Will Sheehey has several roles on Tom Crean's Indiana basketball team.
Video: Will Sheehey on his dad's Syracuse connection - click here
WASHINGTON (WDRB) -- Let's make one final run through the scouting report on Tom Crean's Indiana basketball team as the Hoosiers prepare to play Syracuse Thursday night in the NCAA Tournament East Regional semifinals at the Verizon Center:
Jordan Hulls: consummate gentleman; Christian Watford: thoughtful, quiet as an art gallery; Cody Zeller: subtle prankster; Victor Oladipo: charismatic entertainer; Yogi Ferrell: deferential freshman.
Anything missing from the lineup?
"Every team needs a pain in the butt," Mike Sheehey said. "You've have to have one, don't you?"
Talk to Mike Sheehey for 15 minutes and you'll understand the who, what and where of why his son, junior Will Sheehey, is the pain in the butt for the IU basketball team, the guy who draws the taunts, the scrutiny and the occasional technical foul.
Don't forget that many consider Sheehey the finest sixth-man in the country, an athletic, 6-foot-6, slasher who scored in double figures in nearly half of Indiana's games. He leads the team in ice packs, bruises and abrasions. Will Sheehey has done as much to change the culture of Indiana basketball as anybody on Tom Crean's roster.
Most fans remember Will Sheehey's beefy uncle, Tom. He played four solid seasons at Virginia, serving as an essential contributor during the Cavaliers' 1984 Final Four run. They're not as familiar with Tom Sheehey's older brother, Mike.
"I was the better player," Mike Sheehey said.
His answer sounded part humorous, part regretful. Mike Sheehey started his career playing for the same guy that every Syracuse guard has played for since 1976 -- Jim Boeheim.
As a freshman in 1979-80, Sheehey sat and watched Tony Bruin, Leo Rautins and others. As a sophomore, he sat and watched them again.
"I had the best seat in the house for two seasons," Sheehey said.
But only two. He departed for St. Bonaventure after his sophomore season, scoring more than 800 points during the two seasons with the Bonnies. Does Sheehey wonder what would have happened to his career if he had not have been buried on the Syracuse bench?
He doesn't have time.
Mike Sheehey is an important man in American sports television. He works as the senior vice-president for content for NBC Sports and Comcast, a man who helps to negotiate contracts and secure programming. He also intently follows his son, who brings an edge to the court that has helped change the dynamic of Crean's program. Ask him.
"You've got to have a real chip on your shoulder," IU coach Tom Crean said. "There's nothing wrong with that.
"There is many a great player that have made many a great team that started out with that chip. The ones that lost it didn't stay great. The ones that built on it end up legendary, and it's no different in college. You've got to have that."
Sheehey has it, likely because his father had it. Fans at Purdue, Michigan State and Illinois will testify to Sheehey's competitiveness with a splash of venom.

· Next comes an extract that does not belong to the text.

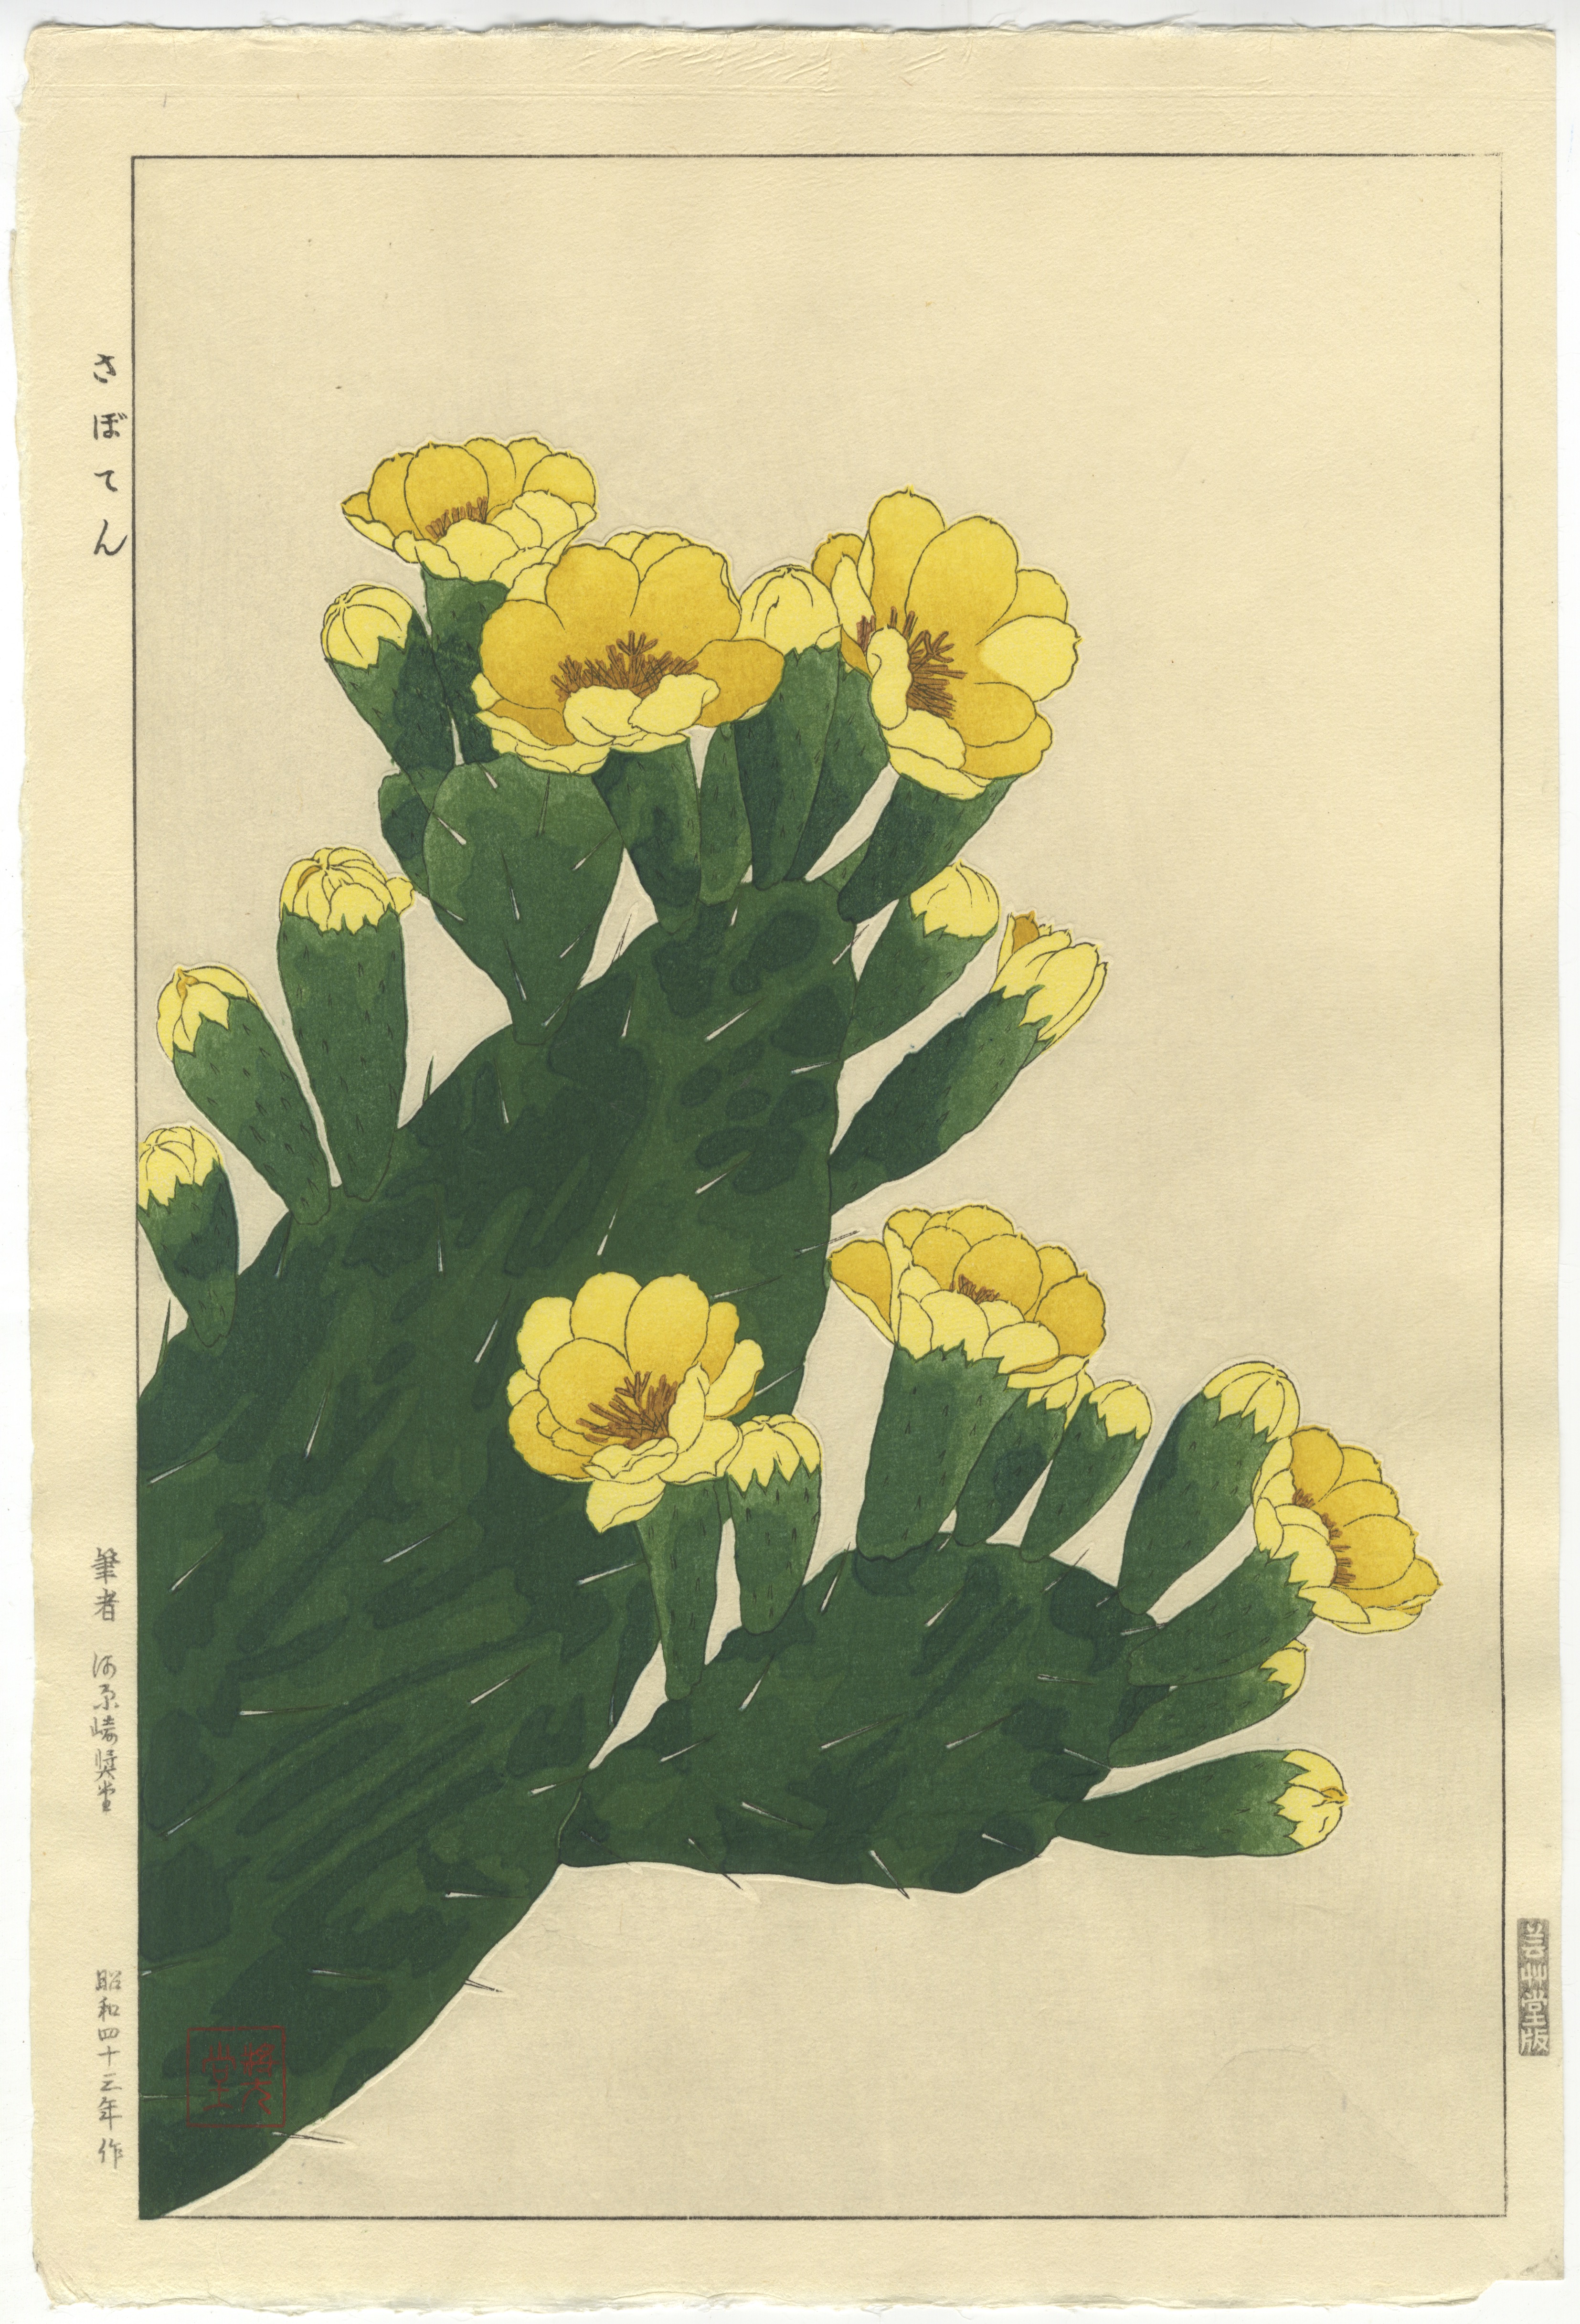 Shodo Kawarazaki, Cactus, Original Japanese Woodblock Print

But bruises have always been part of the Sheehey way. It's competition. Sheehey grew up outside Palm Beach, Fla. His father said Will was always tall, lean and athletic, as talented on the soccer field as he was on the basketball court.
An excellent student, Sheehey was stirring interest from Stanford, Michigan, Virginia Tech and Northwestern.
He thought he could play at a higher level. So for his senior season, Sheehey transferred to The Sagemont School near Miami. There he could play with Fab Melo, a top recruit in the Class of 2010. Coaches who came to observe Melo would leave impressed by Sheehey.
That's not the way it worked out.
The guy who urged the Indiana coaching staff to pursue Sheehey was actually former South Carolina coach Darrin Horn, who had worked for Crean at Marquette. Horn visited the school to watch another Sagemont player. He told Crean and IU assistant Tim Buckley that Sheehey had the DNA of the type of player Crean prefers.
Crean and Buckley flew to Miami that week. Sheehey and his father visited Indiana for a football game. Suddenly, Stanford, Michigan, Virginia Tech and Northwestern were in big trouble.
"At the time, Indiana didn't have the juice that it has now," Mike Sheehey said. "It wasn't Duke or North Carolina. They had a lot of history but a lot of work to do.
"But getting the program back appealed to Will. When we went to that football game, we walked over to Assembly Hall and some of the basketball guys were playing. There were several hundred fans in the building, watching and taking pictures. Will realized how important basketball was to the culture at Indiana. He wanted to be a part of it."
Will Sheehey is a part of it – with his own designated role.